Что скрывает Эдем - Кара Грант
Шрифт:
Интервал:
Закладка:
Медленно повернулась к нему. Подложила ладонь под голову и, опершись на локоть, приподнялась на кровати.
– Звучит ужасно романтично, господин Феррен, – мурлыкнула я, с интересом разглядывая в полумраке его лицо. – Хочу подробностей.
– Ничего романтичного в юношеском максимализме с присущим ему гормональным бумом, непомерной глупостью и чрезмерными восторгами нет. Я был влюблен в одну девушку. Тот парень тоже. Я заводился, когда видел ее рядом с ним. Слово за слово, возникла перепалка – и я предложил стреляться.
Официально дуэли были давным-давно запрещены и считались пережитком прошлого. Люди нашего круга уже давно не решали споры с помощью оружия. Но тогда шел период восстановления утраченных ценностей и традиций. Международная мода. Балы дебютанток, литературные салоны, закрытые мужские клубы, постановочные дуэли… А я вбил себе в голову стать участником дуэли настоящей.
Мой соперник был старше и опытнее, а все действо по сути и выеденного яйца не стоило. Он мог бы рассмеяться мне в лицо, сказав, что не собирается иметь дело с мальчишкой, у которого молоко на губах еще не обсохло. Тем более я был сыном графа. Его бы никто не осудил. Или мог пустить пулю в плечо. Для острастки. Мне бы это только на пользу пошло. Но он выбрал сердце. Наши секунданты даже не предполагали, что дело кончится похоронной процессией. Никто не предполагал. Тем не менее все вышло именно так.
– Наверное, та девушка была удивительной, раз ты поставил на карту все ради нее…
Шон с наслаждением сделал очередную затяжку.
– Самая обычная кокетка. В меру смазливая, не в меру амбициозная. У нас с ней все равно ничего бы не вышло. Мы были слишком разными. Будь я немного умнее, пожелал бы ей удачи с этим иностранцем, а сам бы отправился с друзьями на скачки или в ближайший бордель. Но я был молод и впечатлителен. И многого не понимал. Зато Эдем сумел все расставить по местам. Жернова богов мелют медленно, но чрезвычайно мелко.

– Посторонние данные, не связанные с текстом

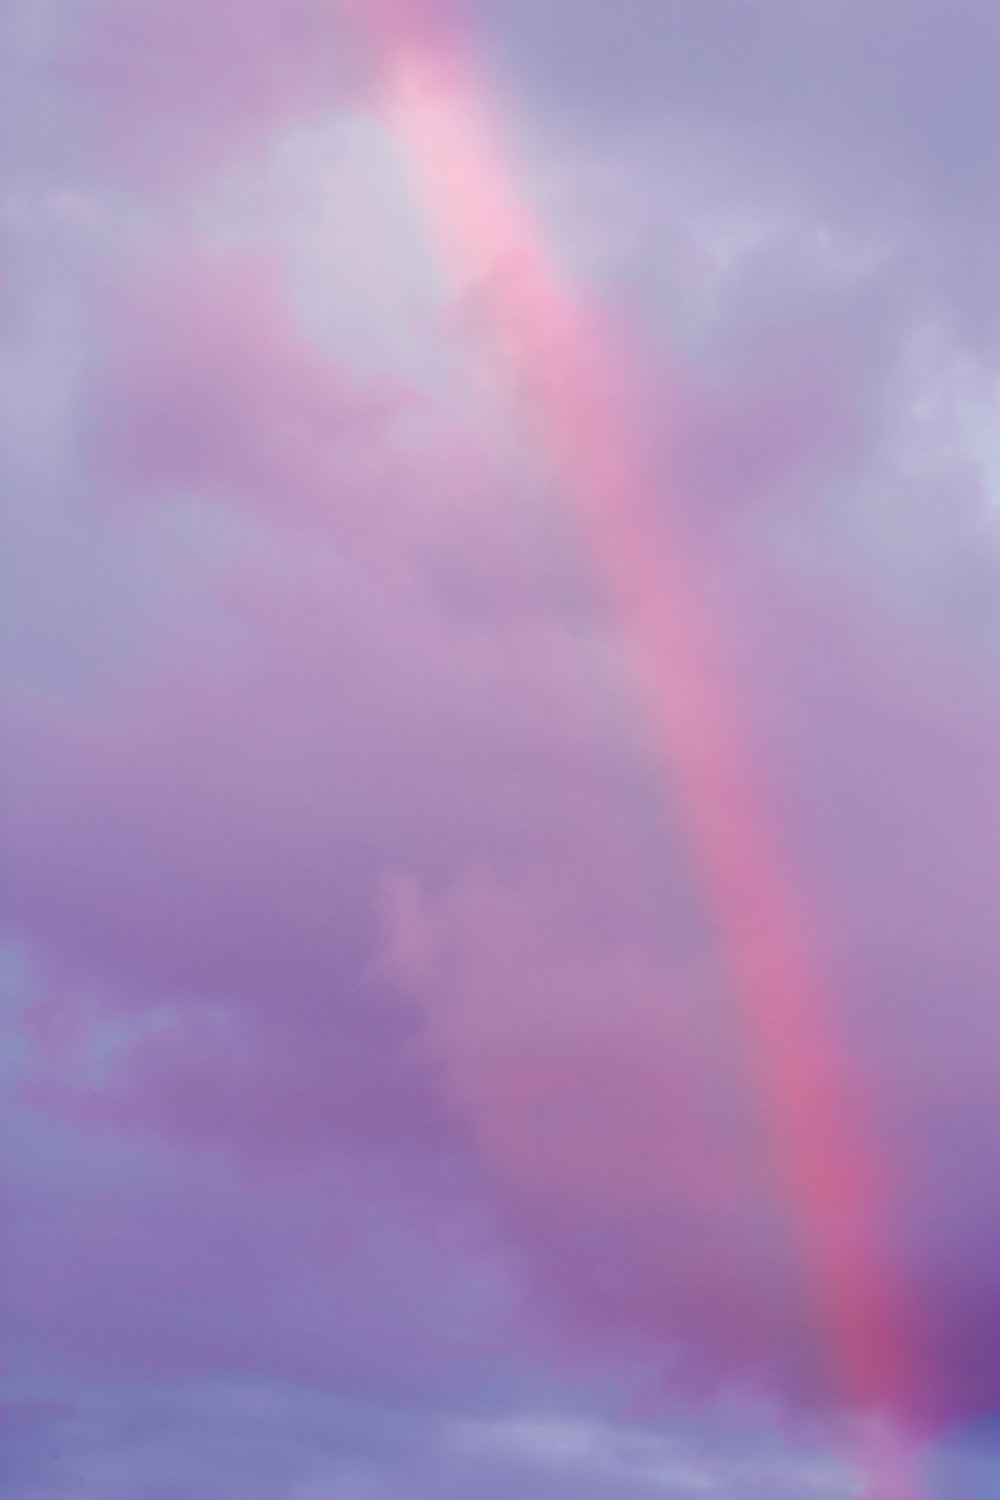 Rainbow During Daytime Photo Image

Эта история произвела на меня эффект разорвавшейся бомбы, особенно вкупе с теми образами, которые создало воображение Шона, когда он пел в клубе. Но и породила великое множество вопросов. Я покусала губу, делаю выбор между ними, и наконец задала самый безобидный:
– Шон Феррен – это псевдоним?
Он усмехнулся.
– Разумеется. Взял его уже после попадания в Эдем. Не одной же тебе позволено менять имена, госпожа Грантеева.
Я усмехнулась. Откуда только узнал! И осторожно, чувствуя, как сердце забилось быстрее, спросила:
– А как тебя по-настоящему зовут?
– Шон Феррен, Карина, Шон Феррен, – сухо ответил он. – Мое прежнее имя уже давно стерлось из памяти, потому что юноша, который его носил, бесславно умер на той бессмысленной, бесполезной дуэли.
Я прищурилась, вспомнив все, что знала о первом писателе Либрума. В голове пронесся хоровод противоречивых поступков и слухов. Но я видела в Шоне свет и верила в него особой верой влюбленной женщины. Слепой и непоколебимой.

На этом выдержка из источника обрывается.